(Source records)

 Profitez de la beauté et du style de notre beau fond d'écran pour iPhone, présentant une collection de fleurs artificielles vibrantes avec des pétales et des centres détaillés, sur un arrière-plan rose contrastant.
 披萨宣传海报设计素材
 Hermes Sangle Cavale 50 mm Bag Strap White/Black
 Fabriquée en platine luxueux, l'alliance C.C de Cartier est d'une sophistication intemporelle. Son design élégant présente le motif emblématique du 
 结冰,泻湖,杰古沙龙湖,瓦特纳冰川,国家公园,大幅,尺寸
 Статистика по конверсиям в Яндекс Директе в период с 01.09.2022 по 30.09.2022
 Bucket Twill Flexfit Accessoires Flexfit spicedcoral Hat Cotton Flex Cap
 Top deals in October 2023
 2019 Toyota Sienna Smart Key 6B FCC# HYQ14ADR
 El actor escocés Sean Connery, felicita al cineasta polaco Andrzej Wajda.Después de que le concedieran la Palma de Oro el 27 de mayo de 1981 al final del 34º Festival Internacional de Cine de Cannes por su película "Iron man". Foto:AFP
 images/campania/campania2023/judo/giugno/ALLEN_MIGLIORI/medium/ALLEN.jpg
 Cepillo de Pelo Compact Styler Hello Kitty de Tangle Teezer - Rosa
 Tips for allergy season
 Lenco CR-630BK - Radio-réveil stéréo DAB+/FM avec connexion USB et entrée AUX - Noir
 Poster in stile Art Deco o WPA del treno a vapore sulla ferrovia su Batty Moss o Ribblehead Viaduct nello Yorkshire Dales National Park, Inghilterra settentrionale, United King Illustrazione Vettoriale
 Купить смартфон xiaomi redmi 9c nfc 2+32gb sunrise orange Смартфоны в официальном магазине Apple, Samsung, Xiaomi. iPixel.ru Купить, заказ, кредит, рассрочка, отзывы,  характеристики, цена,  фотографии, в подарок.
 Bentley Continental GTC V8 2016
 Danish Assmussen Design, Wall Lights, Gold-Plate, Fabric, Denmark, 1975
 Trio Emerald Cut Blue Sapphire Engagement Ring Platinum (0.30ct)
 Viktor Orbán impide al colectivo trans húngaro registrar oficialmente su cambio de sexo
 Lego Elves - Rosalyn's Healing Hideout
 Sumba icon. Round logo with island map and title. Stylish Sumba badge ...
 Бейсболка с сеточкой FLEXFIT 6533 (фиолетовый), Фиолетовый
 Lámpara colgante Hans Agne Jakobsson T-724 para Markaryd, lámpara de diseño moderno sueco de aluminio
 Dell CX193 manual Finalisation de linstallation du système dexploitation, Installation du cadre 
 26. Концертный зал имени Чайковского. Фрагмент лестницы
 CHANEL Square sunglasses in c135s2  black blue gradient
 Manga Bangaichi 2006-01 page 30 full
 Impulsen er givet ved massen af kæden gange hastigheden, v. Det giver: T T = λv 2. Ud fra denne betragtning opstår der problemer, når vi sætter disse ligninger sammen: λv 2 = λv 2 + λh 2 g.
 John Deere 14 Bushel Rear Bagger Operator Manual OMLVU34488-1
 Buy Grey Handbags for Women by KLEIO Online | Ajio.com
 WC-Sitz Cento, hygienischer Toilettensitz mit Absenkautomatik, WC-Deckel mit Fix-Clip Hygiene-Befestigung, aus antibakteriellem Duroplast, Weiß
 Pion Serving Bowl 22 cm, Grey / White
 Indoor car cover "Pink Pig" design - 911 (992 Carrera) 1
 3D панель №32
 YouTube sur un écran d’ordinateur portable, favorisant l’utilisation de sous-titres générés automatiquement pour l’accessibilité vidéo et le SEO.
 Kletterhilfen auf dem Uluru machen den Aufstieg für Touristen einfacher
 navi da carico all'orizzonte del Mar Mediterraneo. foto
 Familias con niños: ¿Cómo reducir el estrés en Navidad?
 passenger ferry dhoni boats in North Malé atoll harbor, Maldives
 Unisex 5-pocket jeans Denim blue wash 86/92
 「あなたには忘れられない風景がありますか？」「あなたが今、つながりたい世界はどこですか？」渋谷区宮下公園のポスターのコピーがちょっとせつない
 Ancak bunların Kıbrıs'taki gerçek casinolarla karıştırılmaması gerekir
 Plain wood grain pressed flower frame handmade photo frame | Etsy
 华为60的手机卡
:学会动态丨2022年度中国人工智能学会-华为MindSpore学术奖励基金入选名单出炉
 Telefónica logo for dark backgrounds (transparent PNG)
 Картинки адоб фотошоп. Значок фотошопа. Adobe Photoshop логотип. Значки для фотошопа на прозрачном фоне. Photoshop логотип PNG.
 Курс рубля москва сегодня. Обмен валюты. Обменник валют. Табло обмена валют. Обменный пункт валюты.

Task description:
Keeping every character as it is, restate the lines above that run from the line with "Sumba icon. Round" through the line with "Buy Grey Handbags", both included, and nothing else.

Answer space:
 Sumba icon. Round logo with island map and title. Stylish Sumba badge ...
 Бейсболка с сеточкой FLEXFIT 6533 (фиолетовый), Фиолетовый
 Lámpara colgante Hans Agne Jakobsson T-724 para Markaryd, lámpara de diseño moderno sueco de aluminio
 Dell CX193 manual Finalisation de linstallation du système dexploitation, Installation du cadre 
 26. Концертный зал имени Чайковского. Фрагмент лестницы
 CHANEL Square sunglasses in c135s2  black blue gradient
 Manga Bangaichi 2006-01 page 30 full
 Impulsen er givet ved massen af kæden gange hastigheden, v. Det giver: T T = λv 2. Ud fra denne betragtning opstår der problemer, når vi sætter disse ligninger sammen: λv 2 = λv 2 + λh 2 g.
 John Deere 14 Bushel Rear Bagger Operator Manual OMLVU34488-1
 Buy Grey Handbags for Women by KLEIO Online | Ajio.com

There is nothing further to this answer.